A most holy bishop who was threatening to resign, I thought. But could Joachim’s reputation have possibly reached into the Eastern Kingdoms? Everyone here revered him—even including me when I wasn’t threatening to kill him—but it was hard to imagine that anyone would have heard of him many hundreds of miles away, far past the mountains.
I had the oddest feeling that Cyrus had known who I was, perhaps had even expected to meet me. “But you were trained in wizardry,” I said. Now that he was sitting beside me it was unmistakable. He was no more a fully-trained wizard than he was a demon, and he was not actively practicing magic at the moment, but it is virtually impossible to erase magic’s imprint.
He turned abruptly away, clenching his fists. “Once I thought that magic might impart the power to aid others,” he said in a low voice that hinted at experiences he did not want to recollect, “but I know now that wizardry leads only to darkness.”

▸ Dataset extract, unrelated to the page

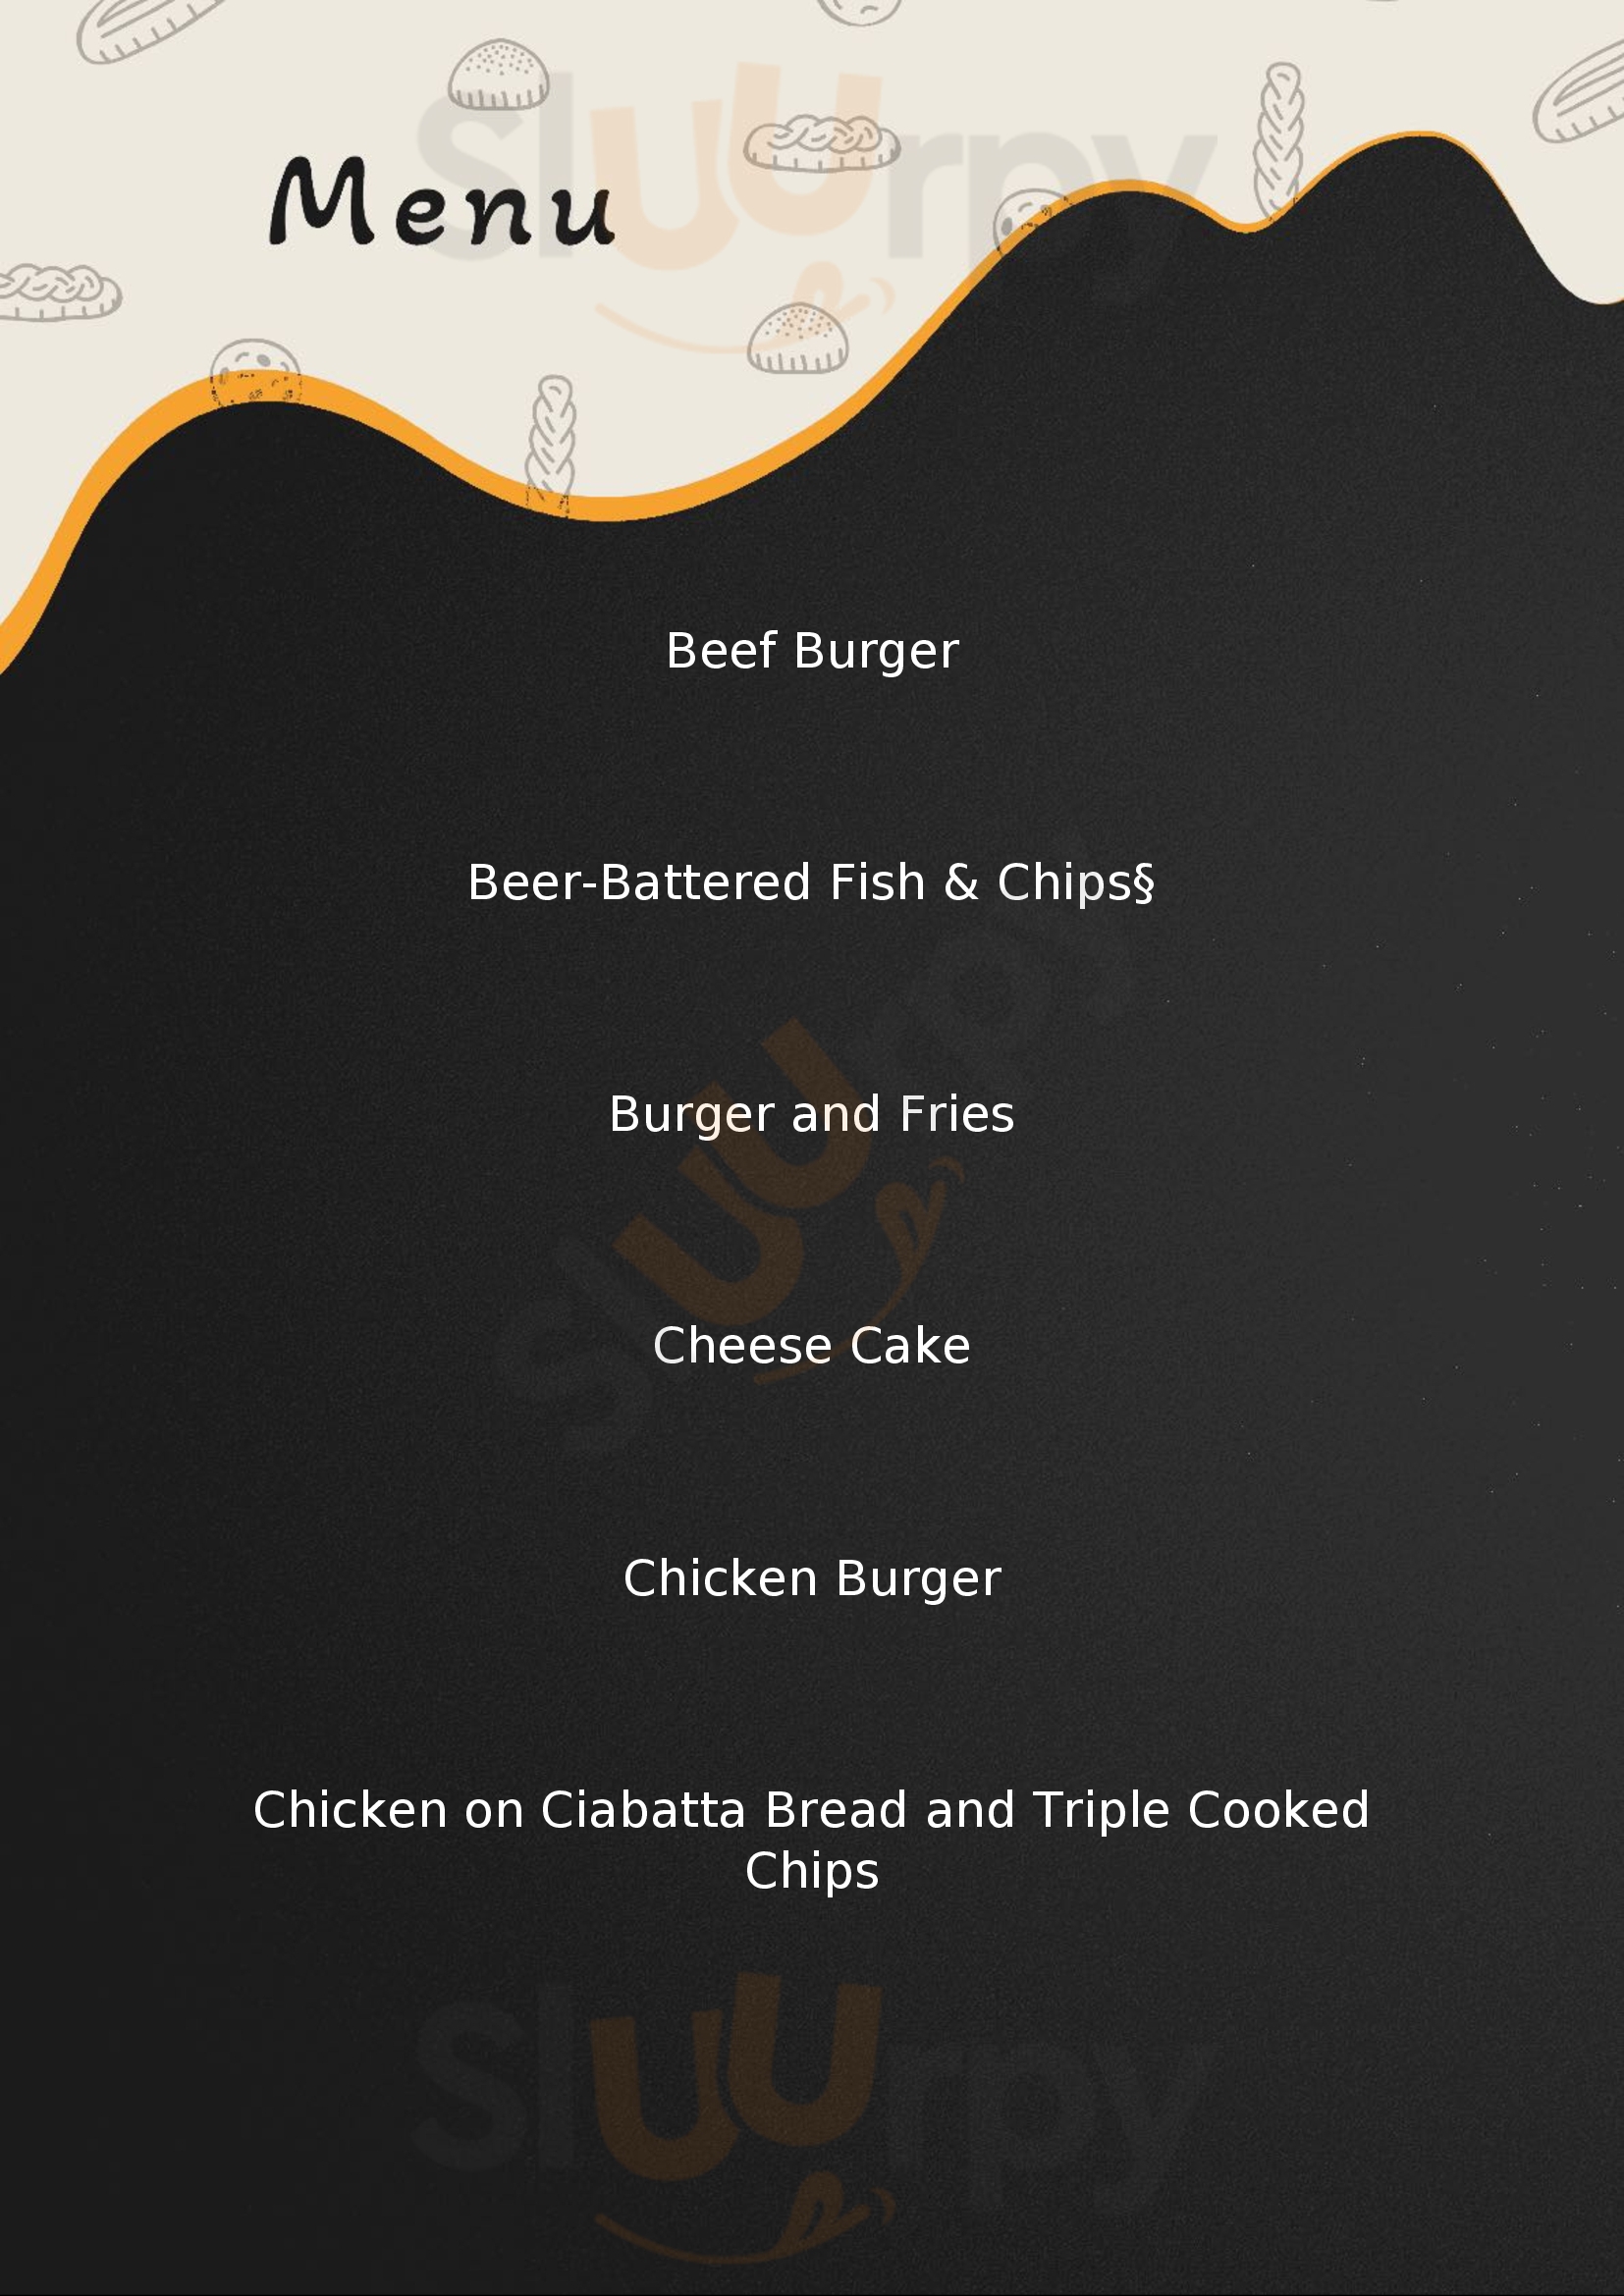 The Longbow Beefeater Llantrisant Menu - 1

I had no leisure to worry about his sensibilities, not with unliving creatures stalking Yurt and assassins from Xantium doubtless searching for Justinia. “You were not trained in the wizards’ school,” I persisted. “Did you perhaps serve an apprenticeship east of the mountains, where the school’s influence does not extend?”
He turned sharply back toward me, the candle flames glinting in his eyes. “I told you my past is of no importance. And I do not think I should say more to you, Daimbert, about the Eastern Kingdoms. If you have nothing else to discuss, I would prefer to return to my devotions.”

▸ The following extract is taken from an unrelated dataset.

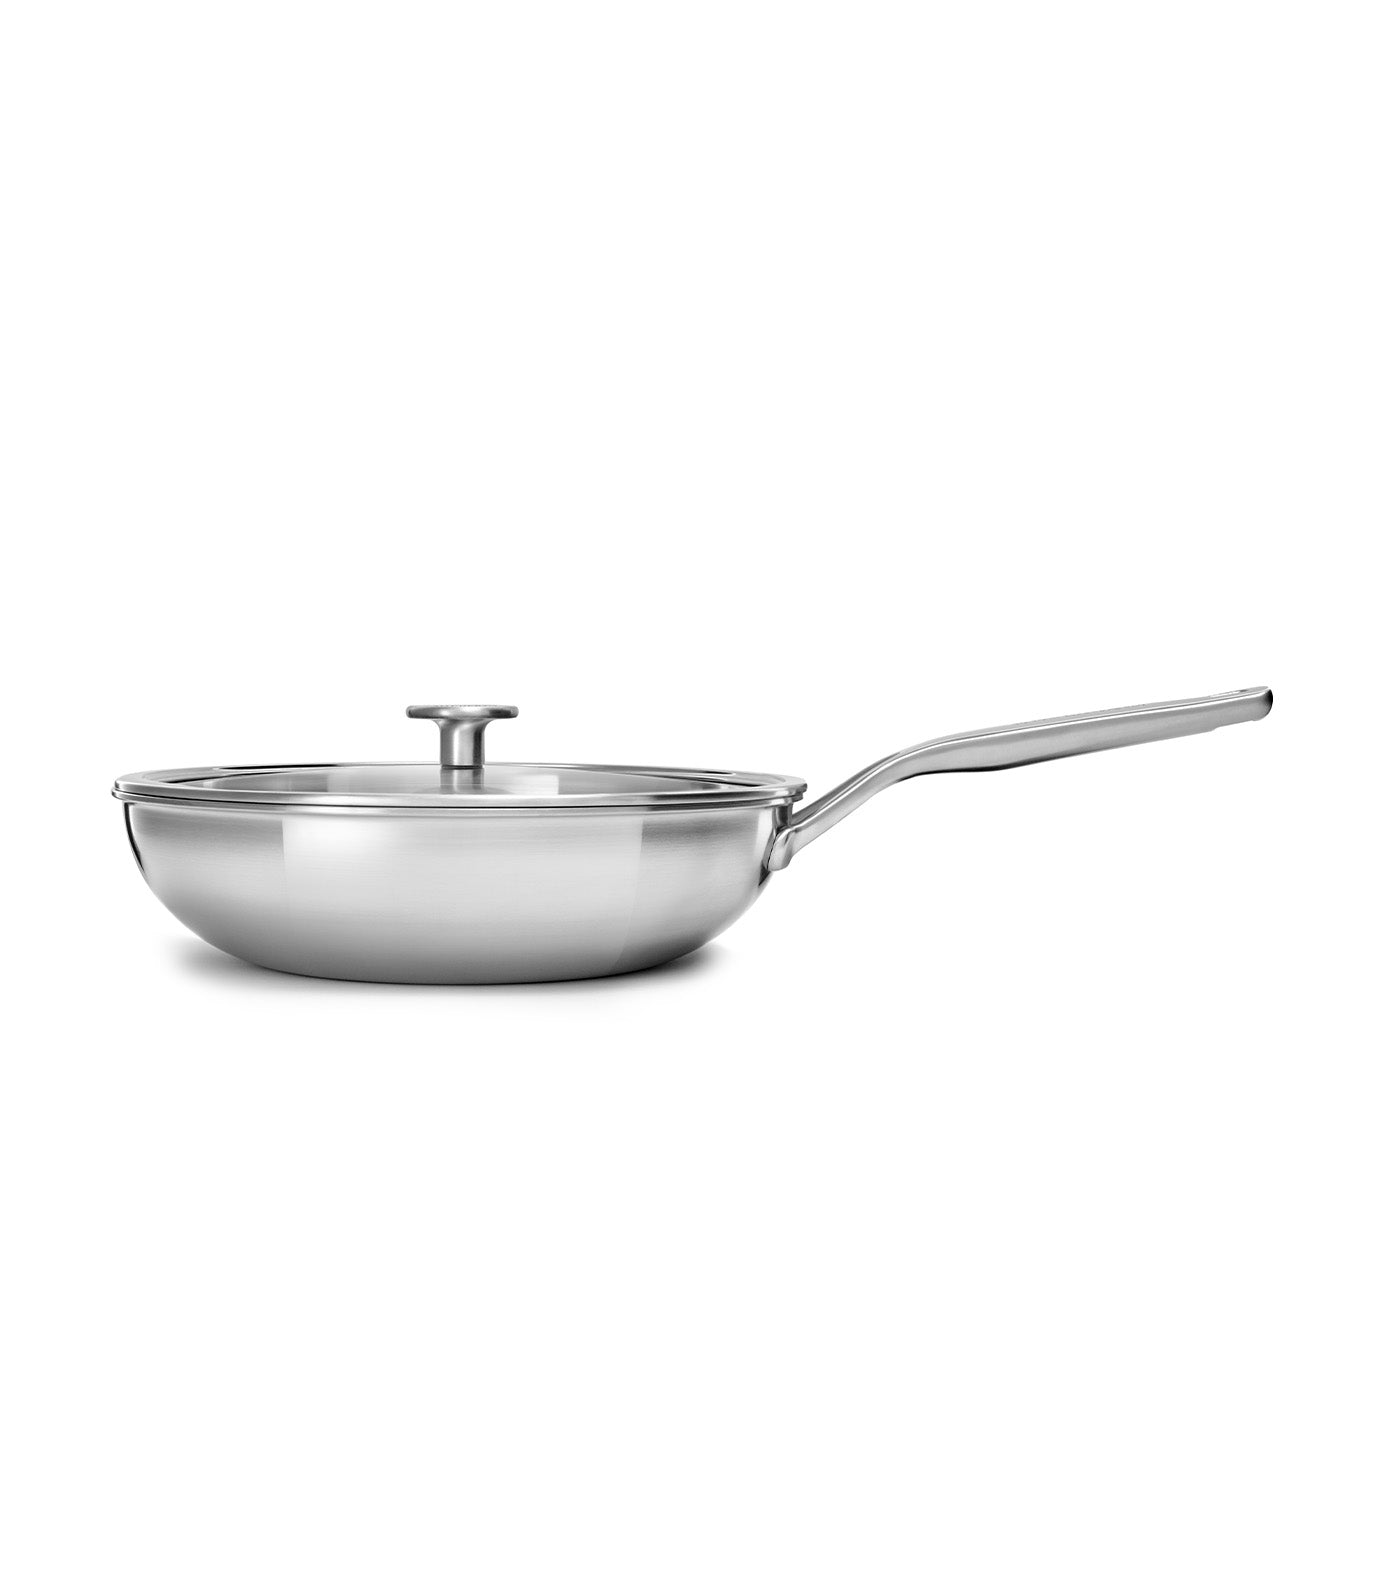 KitchenAid Multiply Tri-Ply Covered Wok Pan Uncoated - 28cm

I had quite a bit else to say to him. “Then let us
not talk of your past,” I said hastily, “but only of what has happened since you came to Caelrhon. So far I have heard that you have restored to life or wholeness several animals and a little girl’s doll.” I paused, waiting for some response, but he looked away from me in silence. My ears strained for other sounds in the shadowy church, but the faint taps and scurryings did not appear to be anything other than the normal sounds of any large building at night. “This is not any magic I know,” I continued, “and I would be interested in learning how you did it.”
He shot me a brief glance, then turned his eyes back toward the crucifix on the altar. His face was dark and sharp in profile. “I am in Caelrhon to learn the ways of God,” he said quietly, “not to teach magic to a wizard.”

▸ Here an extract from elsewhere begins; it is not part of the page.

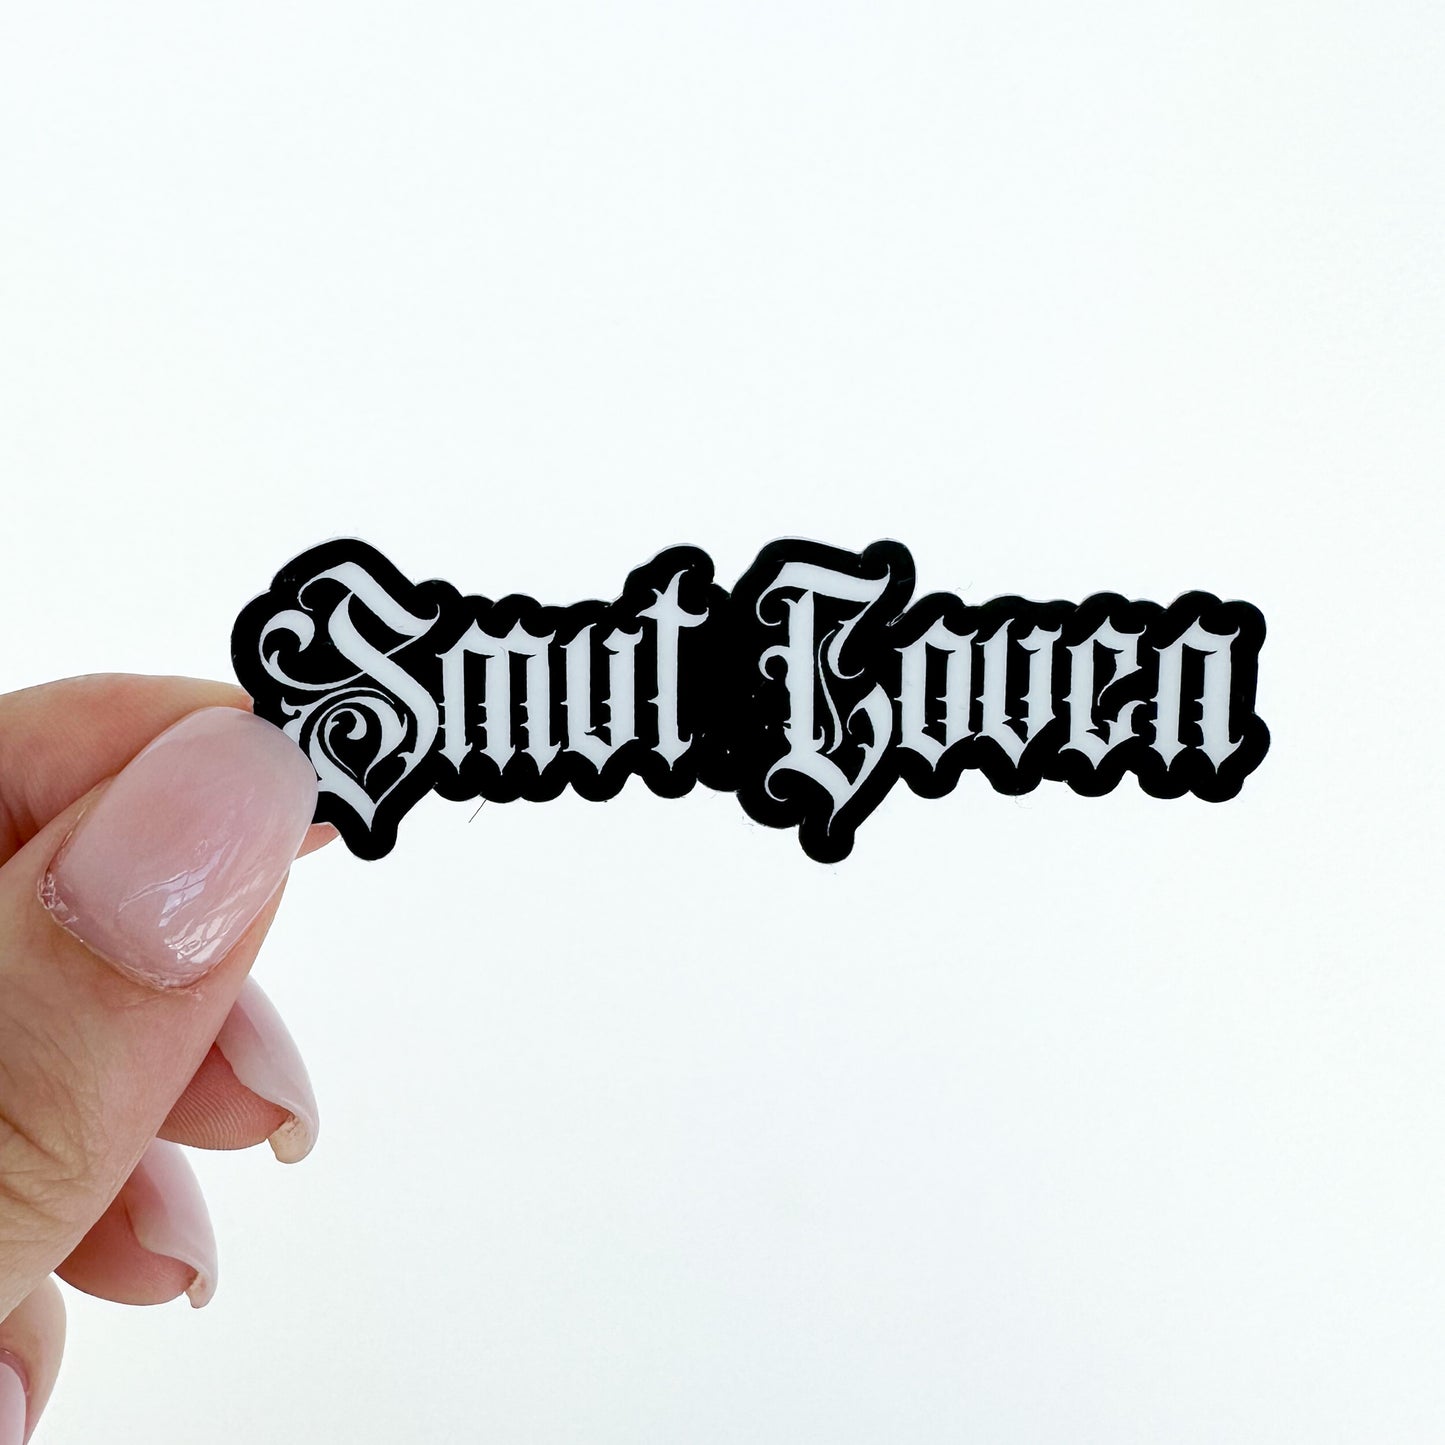 smut coven sticker

Careful questioning didn’t seem to be doing any good. “Listen,” I said harshly, putting a hand on his shoulder. Under the vestments of an acolyte I could feel clearly the shape of his bones. Maybe not the personification of evil, I told myself, but there was evil in this man no matter what he had said to the bishop. “Since you first arrived here my royal castle has been attacked by warriors made by magic from hair and bone, and tonight the high street here in the city burned. Someone with the powerful magic to restore life, even if only the life of an animal, might well be thought to be behind undead warriors, and even more so be suspected of arson.”
Slowly he turned toward me again, and his gaunt, sober face was transformed by a smile. It built slowly, working its way from his lips up to his cheekbones. The effect was shattering. I had to dismiss at once my thoughts of him as evil, for there was a joy and a deep love in that smile that confounded me again with the similarity to Joachim.
“I have not prayed here in vain,” Cyrus said, putting his own hands on my shoulders. “Whatever ill may have befallen the city will be restored.”
I was so surprised that for a moment I could not answer. Then I heard a creak from the hinges of the small side door of the cathedral, and the smell of smoke became momentarily stronger. Someone else had entered the church.